The FA usually refer suspect transfer deals to FIFA whilst informing the EPL, however Richard Scudamore and other senior officials from the EPL governing body have been caught on the hop as the FA chose not to inform them this time.
This has sparked a war of words between the two main bodies in England.
An FA spokesman said: "We have referred 15 cases to FIFA since January 2008." He declined to elaborate on which transfers were involved.
The EPL have so far refused to comment while FIFA had this to say on the matter:
"All cases have an element of internationality and fall outside of the FA's jurisdiction.
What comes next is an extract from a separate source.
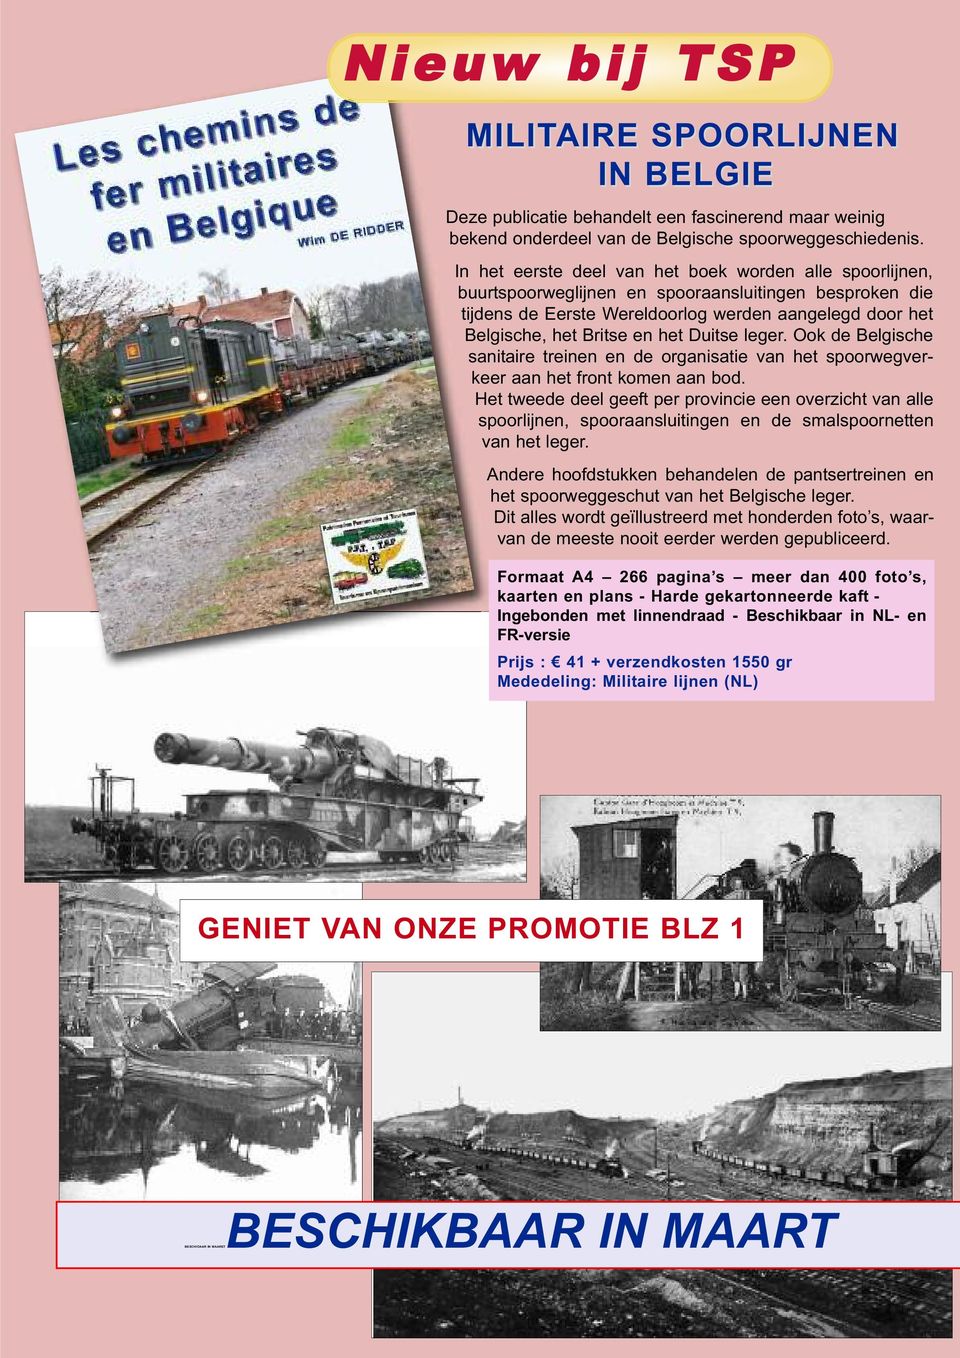 Duitse leger. Ook de Belgische sanitaire treinen en de organisatie van het spoorwegverkeer aan het front komen aan bod.
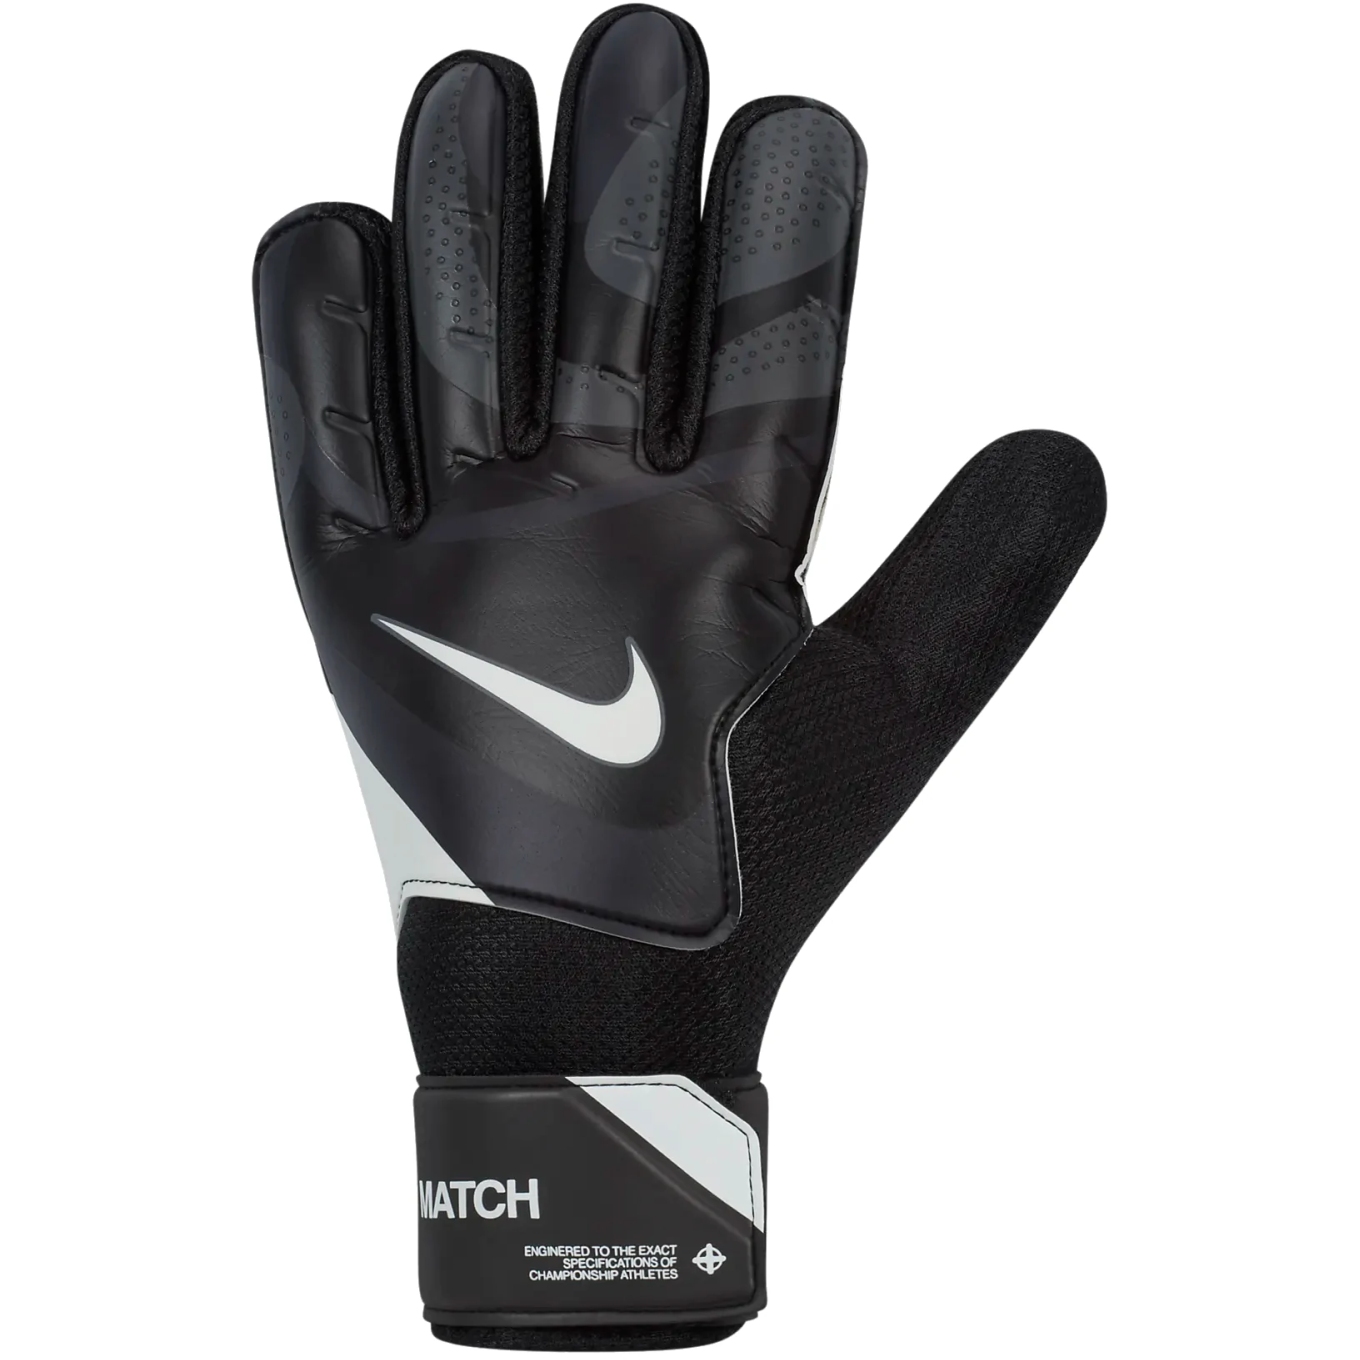 Produktbild von Nike Match Fußball-Torwarthandschuhe - black/dark grey/white FJ4862-011

When FIFA have concluded their investigations into the Quest cases, the first party to be informed will be the FA.
"FIFA are also reviewing a number of more recent cases forwarded to us by the FA.
"In accordance with the 2008 Players' Agents Regulations, these cases fall under the FIFA disciplinary committee."
The EPL has recently come under the spotlight of UEFA and FIFA through the transfer of Gael Kakuta from RC Lens to Chelsea in 2007.
It was one of the transfers from Quest's original dossier, and the two year FIFA probe ended in Chelsea being banned from signing players for the next 16 months after they were found guilty of inducing the player to break his contract with the French club.
Chelsea have since vowed to fight this decision, and have been led to believe by the Court of Sports Arbitration that if they leave their appeal application until the very last moment they will be allowed to sign players in the next transfer window, but may then face the prospect of the 16 month ban starting next summer instead.
The spectre of fraud and dodgy dealings have hung over the EPL for the last five years, and it would seem that the same clud will hang for some time while FIFA carry out their own probe, which could last for up to four years.
The reputation of the EPL has been sullied somewhat by these new findings, and Richard Scudamore will have much to do if it is to be repaired anytime soon.